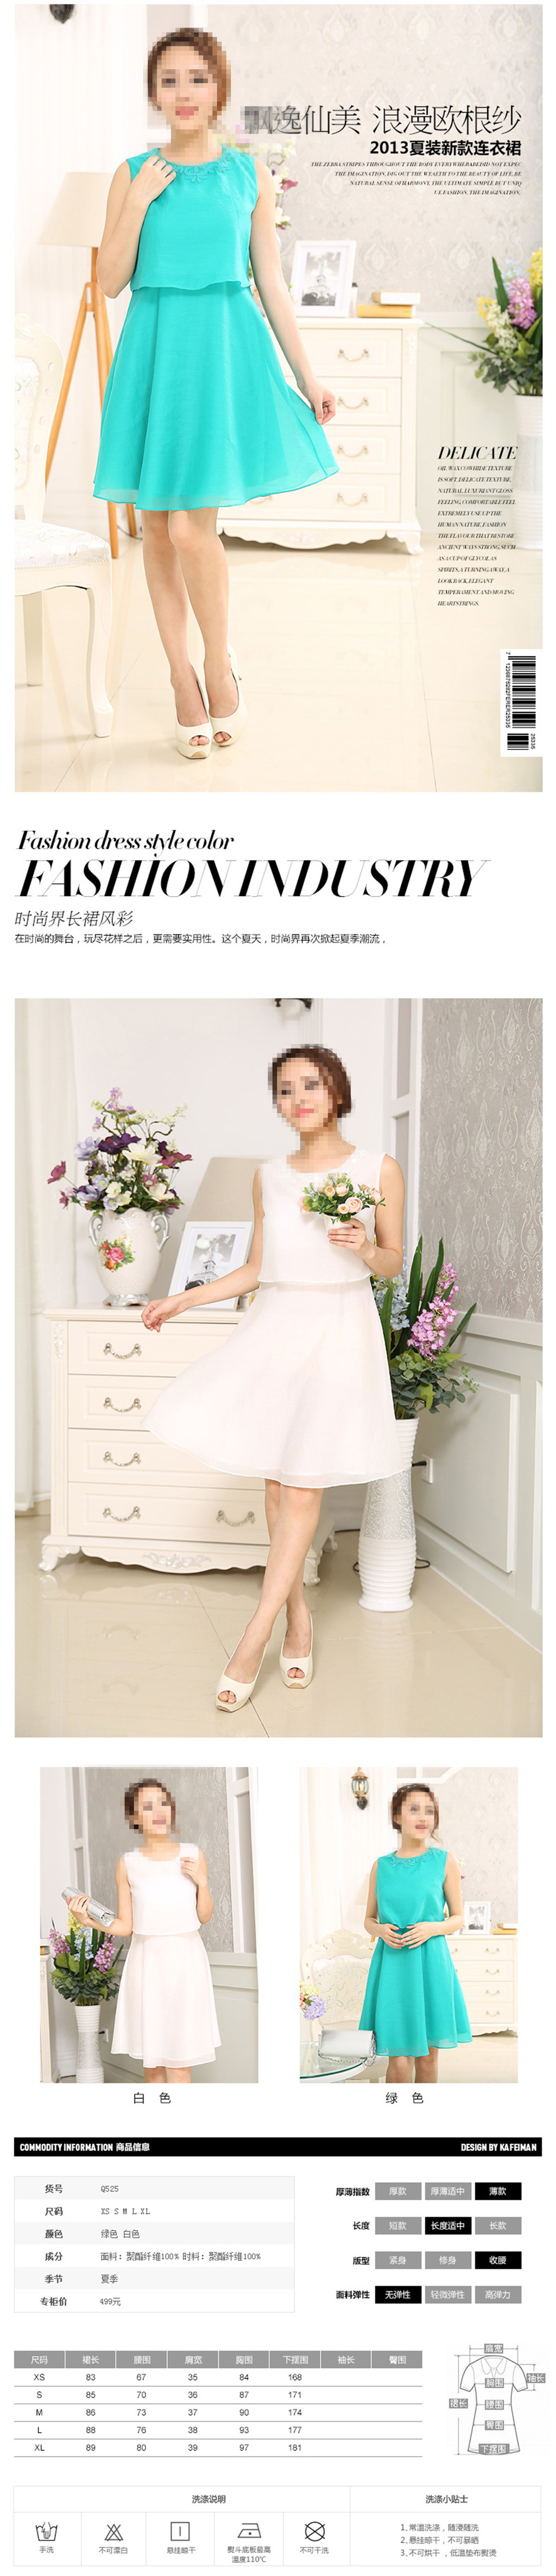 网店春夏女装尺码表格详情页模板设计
________
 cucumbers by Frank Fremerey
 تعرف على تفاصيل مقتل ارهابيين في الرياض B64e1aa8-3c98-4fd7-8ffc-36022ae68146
________
Exercise instructions:
In the data above, retype exactly and only the lines between the one holding "cucumbers by Frank Fremerey" and the one holding "تعرف على تفاصيل", inclusive.

Written solution:
 cucumbers by Frank Fremerey
 تعرف على تفاصيل مقتل ارهابيين في الرياض B64e1aa8-3c98-4fd7-8ffc-36022ae68146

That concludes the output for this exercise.